List all callbacks generated by a single PDF

WARNING: this will generate a lot of output, so you probably want to pipe it through less or to a text file.

require 'rubygems'
require 'pdf/reader'

receiver = PDF::Reader::RegisterReceiver.new
pdf = PDF::Reader.file("somefile.pdf", receiver)
receiver.callbacks.each do |cb|
  puts cb
end

Extract metadata only

require 'rubygems'
require 'pdf/reader'

class MetaDataReceiver
  attr_accessor :regular
  attr_accessor :xml

  def (data)
    @regular = data
  end

  def (data)
    @xml = data
  end
end

receiver = MetaDataReceiver.new
pdf = PDF::Reader.file(ARGV.shift, receiver, :pages => false, :metadata => true)
puts receiver.regular.inspect
puts receiver.xml.inspect

Basic RSpec of a generated PDF

require 'rubygems'
require 'pdf/reader'
require 'pdf/writer'
require 'spec'

class PageTextReceiver
  attr_accessor :content

  def initialize
    @content = []
  end

  # Called when page parsing starts
  def begin_page(arg = nil)
    @content << ""
  end

  def show_text(string, *params)
    @content.last << string.strip
  end

  # there's a few text callbacks, so make sure we process them all
  alias :super_show_text :show_text
  alias :move_to_next_line_and_show_text :show_text
  alias :set_spacing_next_line_show_text :show_text

  def show_text_with_positioning(*params)
    params = params.first
    params.each { |str| show_text(str) if str.kind_of?(String)}
  end
end

context "My generated PDF" do
  specify "should have the correct text on 2 pages" do

    # generate our PDF
    pdf = PDF::Writer.new
    pdf.text "Chunky", :font_size => 32, :justification => :center
    pdf.start_new_page
    pdf.text "Bacon", :font_size => 32, :justification => :center
    pdf.save_as("chunkybacon.pdf")

    # process the PDF
    receiver = PageTextReceiver.new
    PDF::Reader.file("chunkybacon.pdf", receiver)

    # confirm the text appears on the correct pages
    receiver.content.size.should eql(2)
    receiver.content[0].should eql("Chunky")
    receiver.content[1].should eql("Bacon")
  end
end

Extract ISBNs

Parse all text in the requested PDF file and print out any valid book ISBNs.

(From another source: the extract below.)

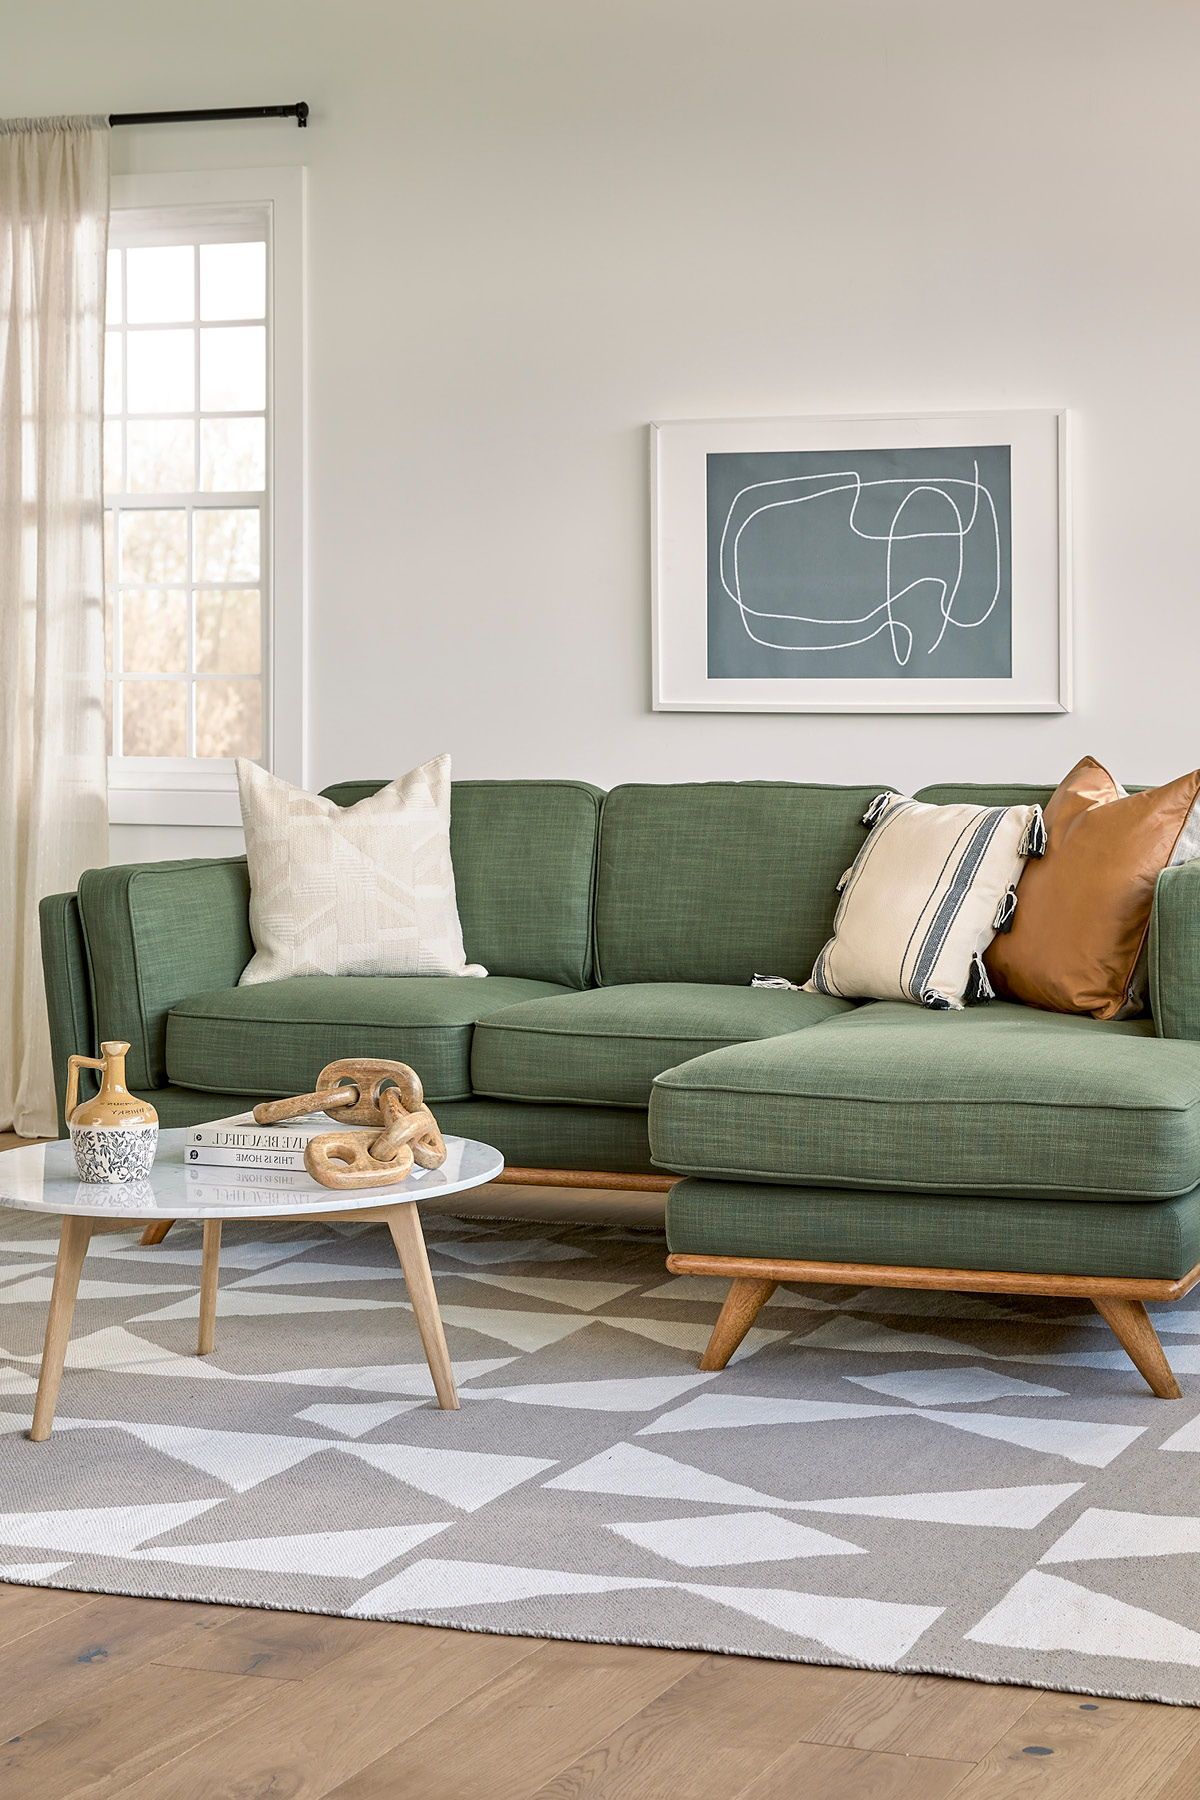 Seating furniture – sleeper sofa
sectional

Requires the rbook-isbn gem.

require 'rubygems'
require 'pdf/reader'
require 'rbook/isbn'

class ISBNReceiver

  # there's a few text callbacks, so make sure we process them all
  def show_text(string, *params)
    process_words(string.split(/\W+/))
  end

  def super_show_text(string, *params)
    process_words(string.split(/\W+/))
  end

  def move_to_next_line_and_show_text (string)
    process_words(string.split(/\W+/))
  end

  def set_spacing_next_line_show_text (aw, ac, string)
    process_words(string.split(/\W+/))
  end

  private

  # check if any items in the supplied array are a valid ISBN, and print any 
  # that are to console
  def process_words(words)
    words.each do |word|
      word.strip!
      puts "#{RBook::ISBN.convert_to_isbn13(word)}" if RBook::ISBN.valid_isbn?(word)
    end
  end
end

receiver = ISBNReceiver.new
PDF::Reader.file("somefile.pdf", receiver)

Known Limitations

The order of the callbacks is unpredicable, and is dependent on the internal layout of the file, not the order objects are displayed to the user. As a consequence of this it is highly unlikely that text will be completely in order.

Occasionally some text cannot be extracted properly due to the way it has been stored, or the use of invalid bytes. In these cases PDF::Reader will output a little UTF-8 friendly box to indicate an unrecognisable character.